## TASK TO COMPLETE:
The reply needs the lines from the one containing "KUPALISTE DARUVAR, CROATIA" through the end of the material, each repeated exactly, and no pictures.

## RECORDED DATA:
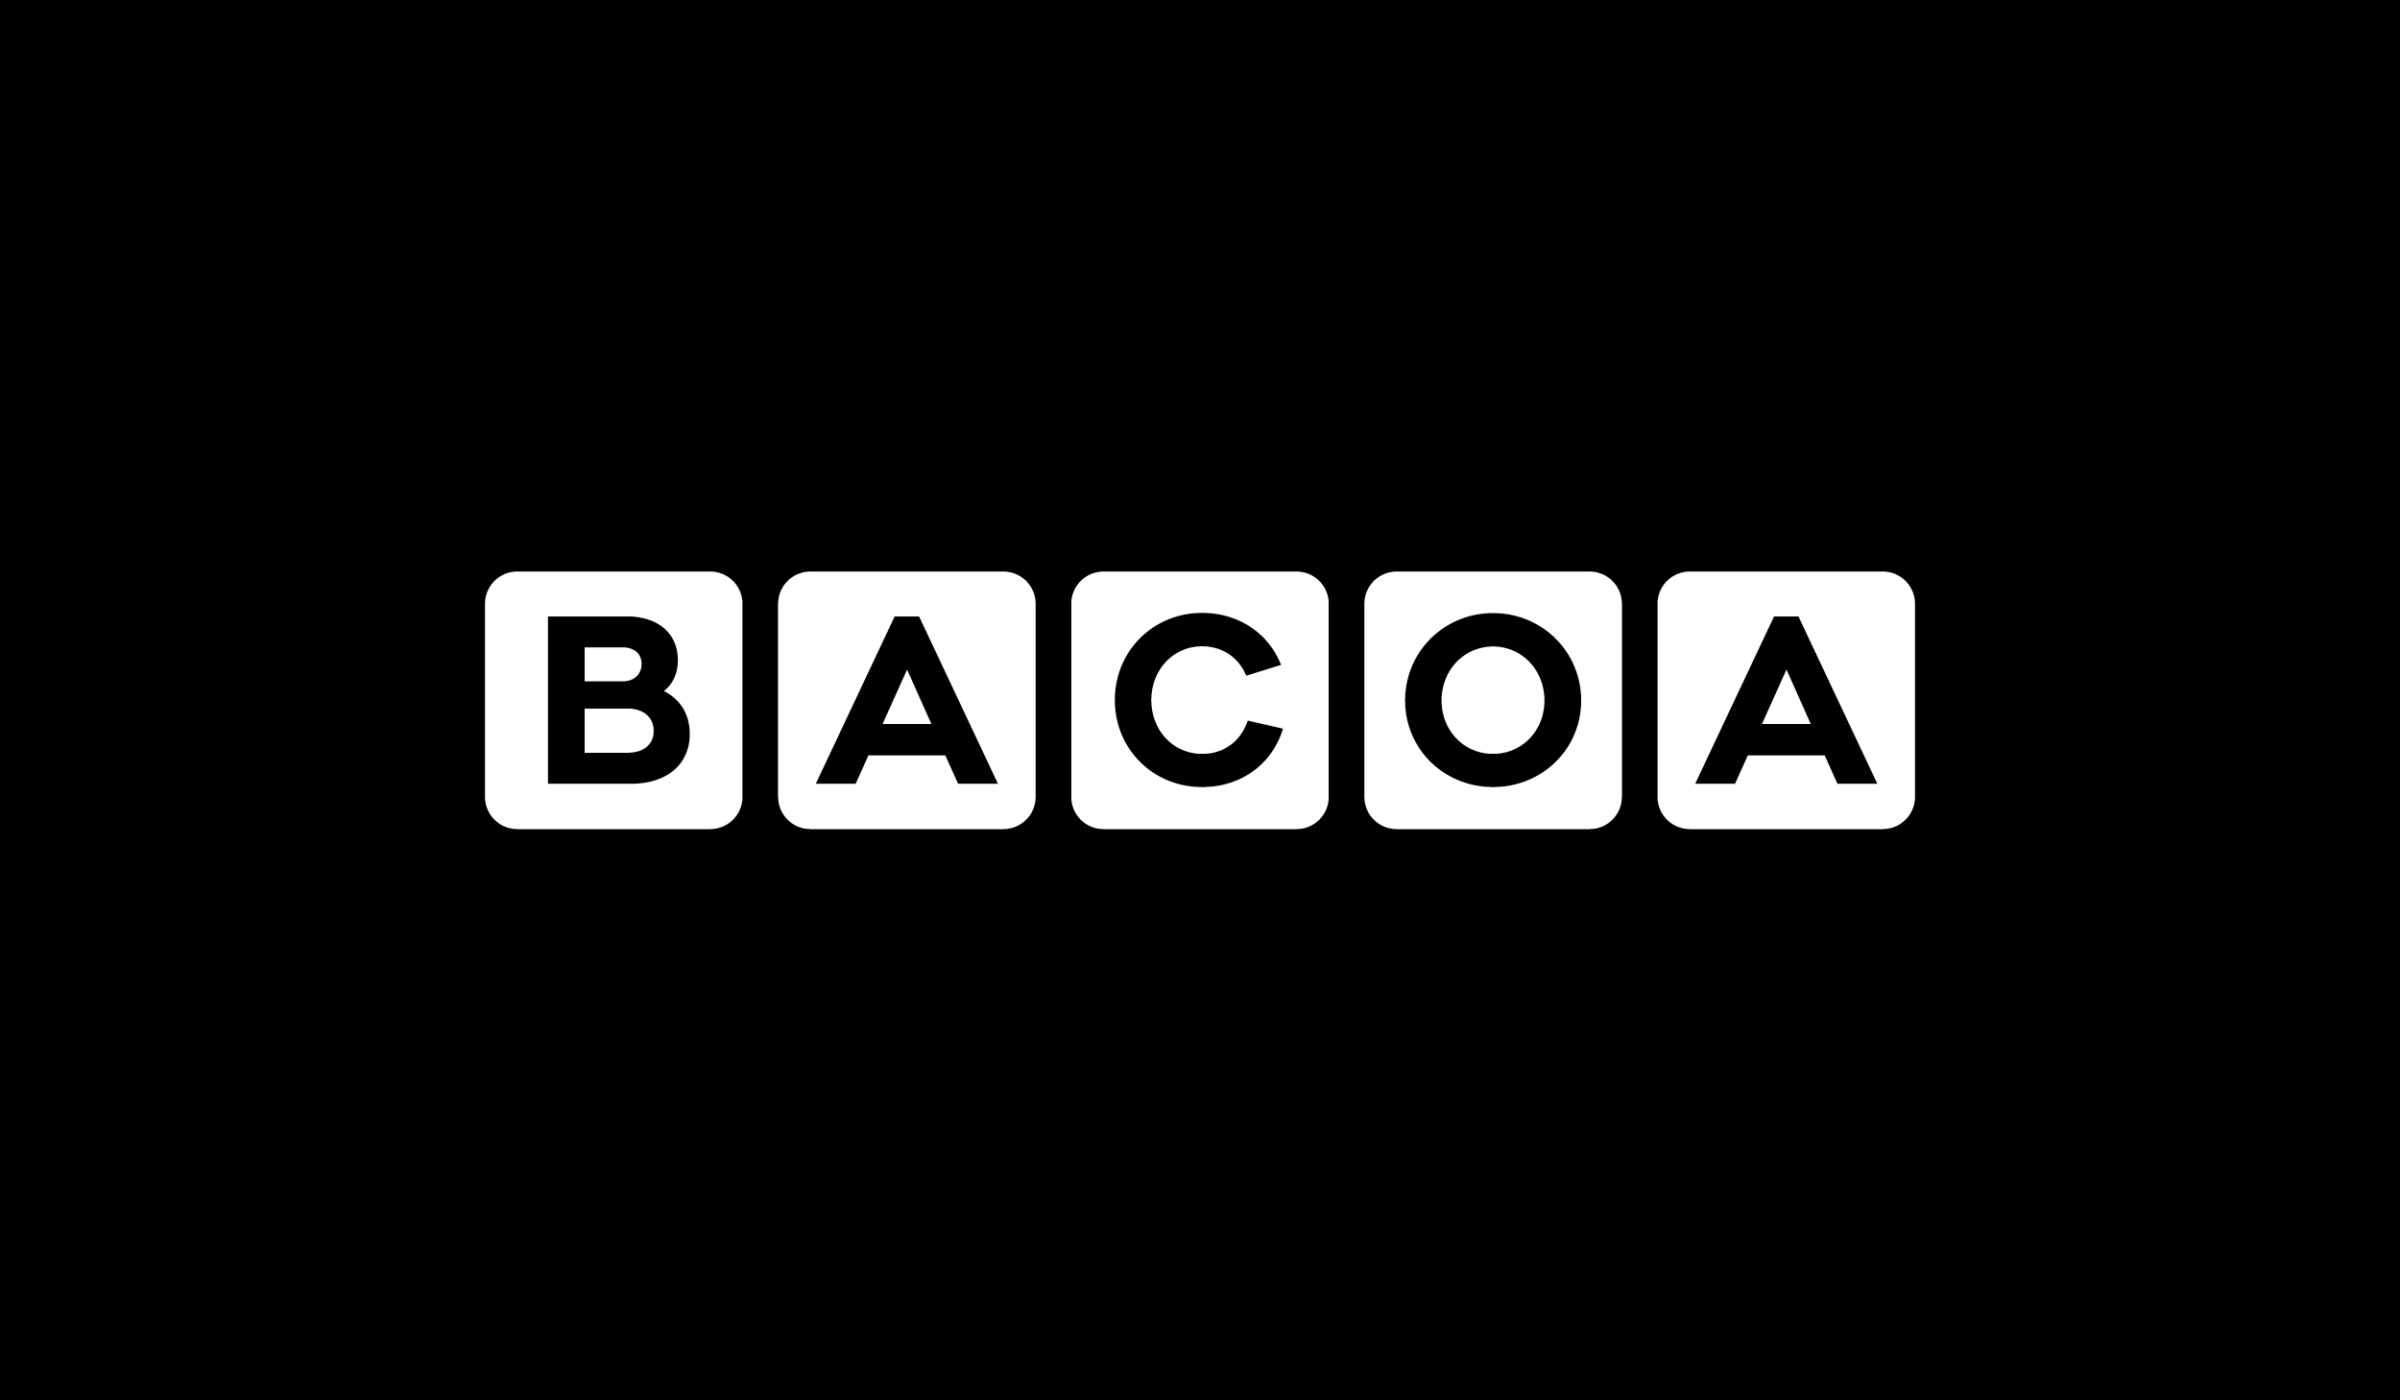 FOLCH - Bacoa
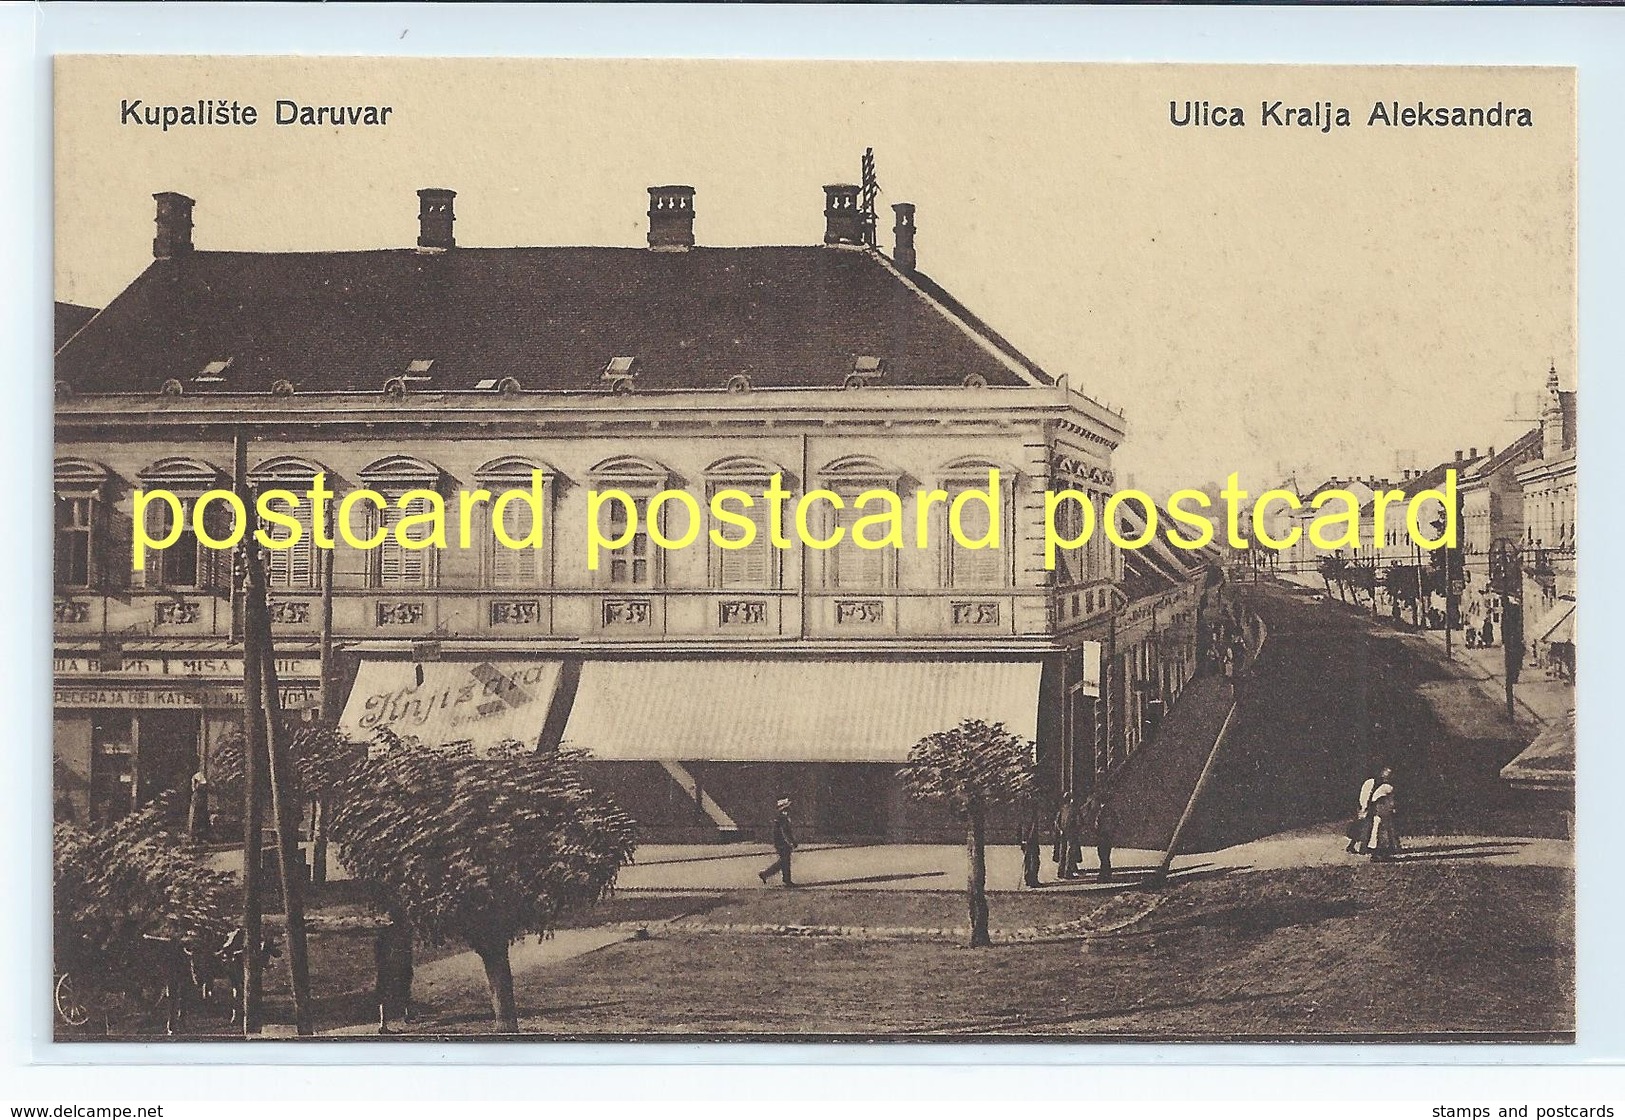 KUPALISTE DARUVAR, CROATIA - ULICA KRALJA ALEKSANDRA. OLD POSTCARD C.1910 #684. - Croatia
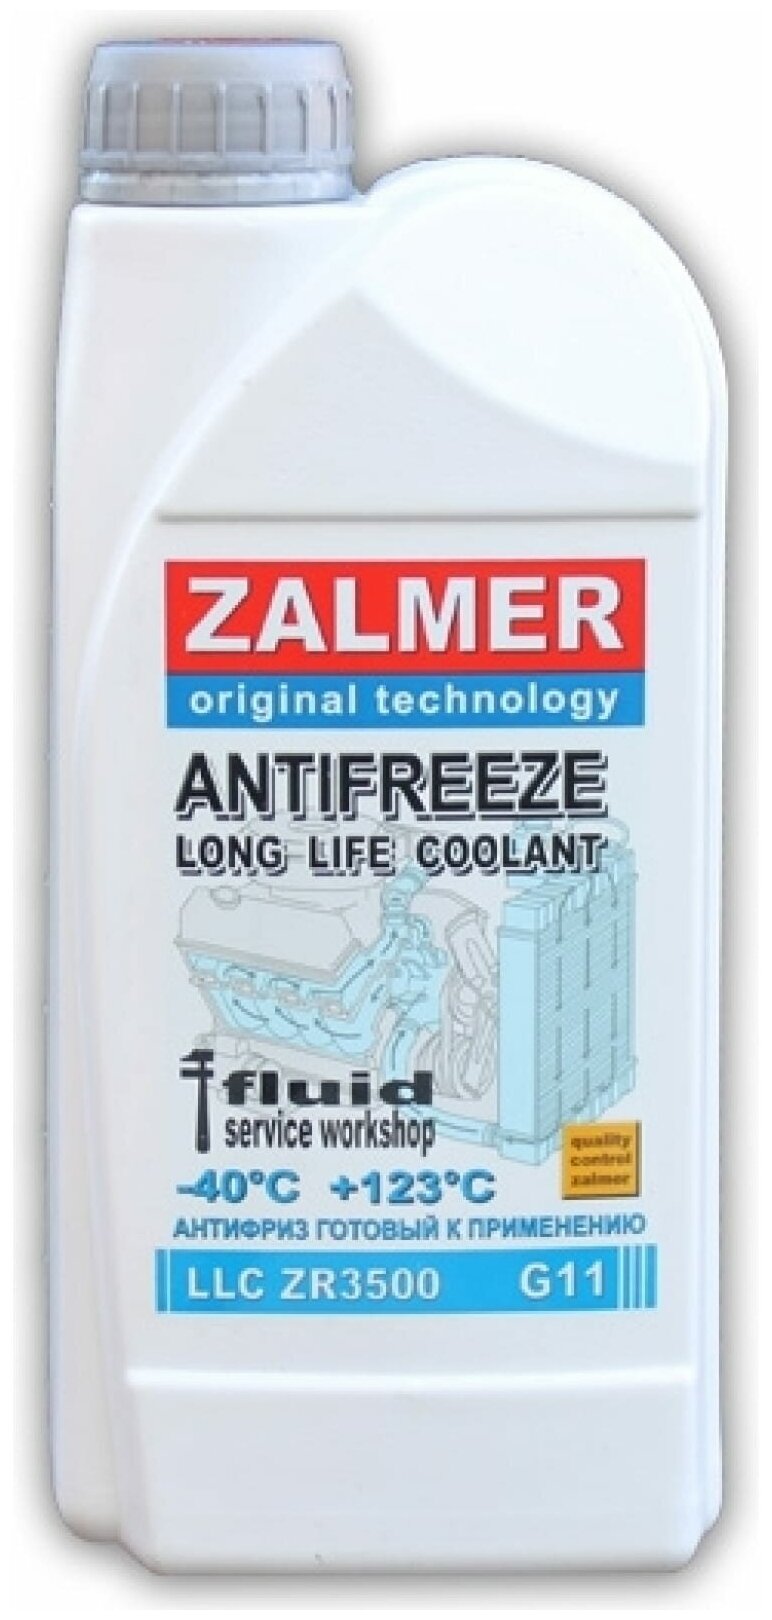 ZALMER Антифриз Antifreeze ZR3500 LLC G11 синий -35С 1кг нетто ZR35L001

## SOLVED PROBLEM:
 KUPALISTE DARUVAR, CROATIA - ULICA KRALJA ALEKSANDRA. OLD POSTCARD C.1910 #684. - Croatia
 ZALMER Антифриз Antifreeze ZR3500 LLC G11 синий -35С 1кг нетто ZR35L001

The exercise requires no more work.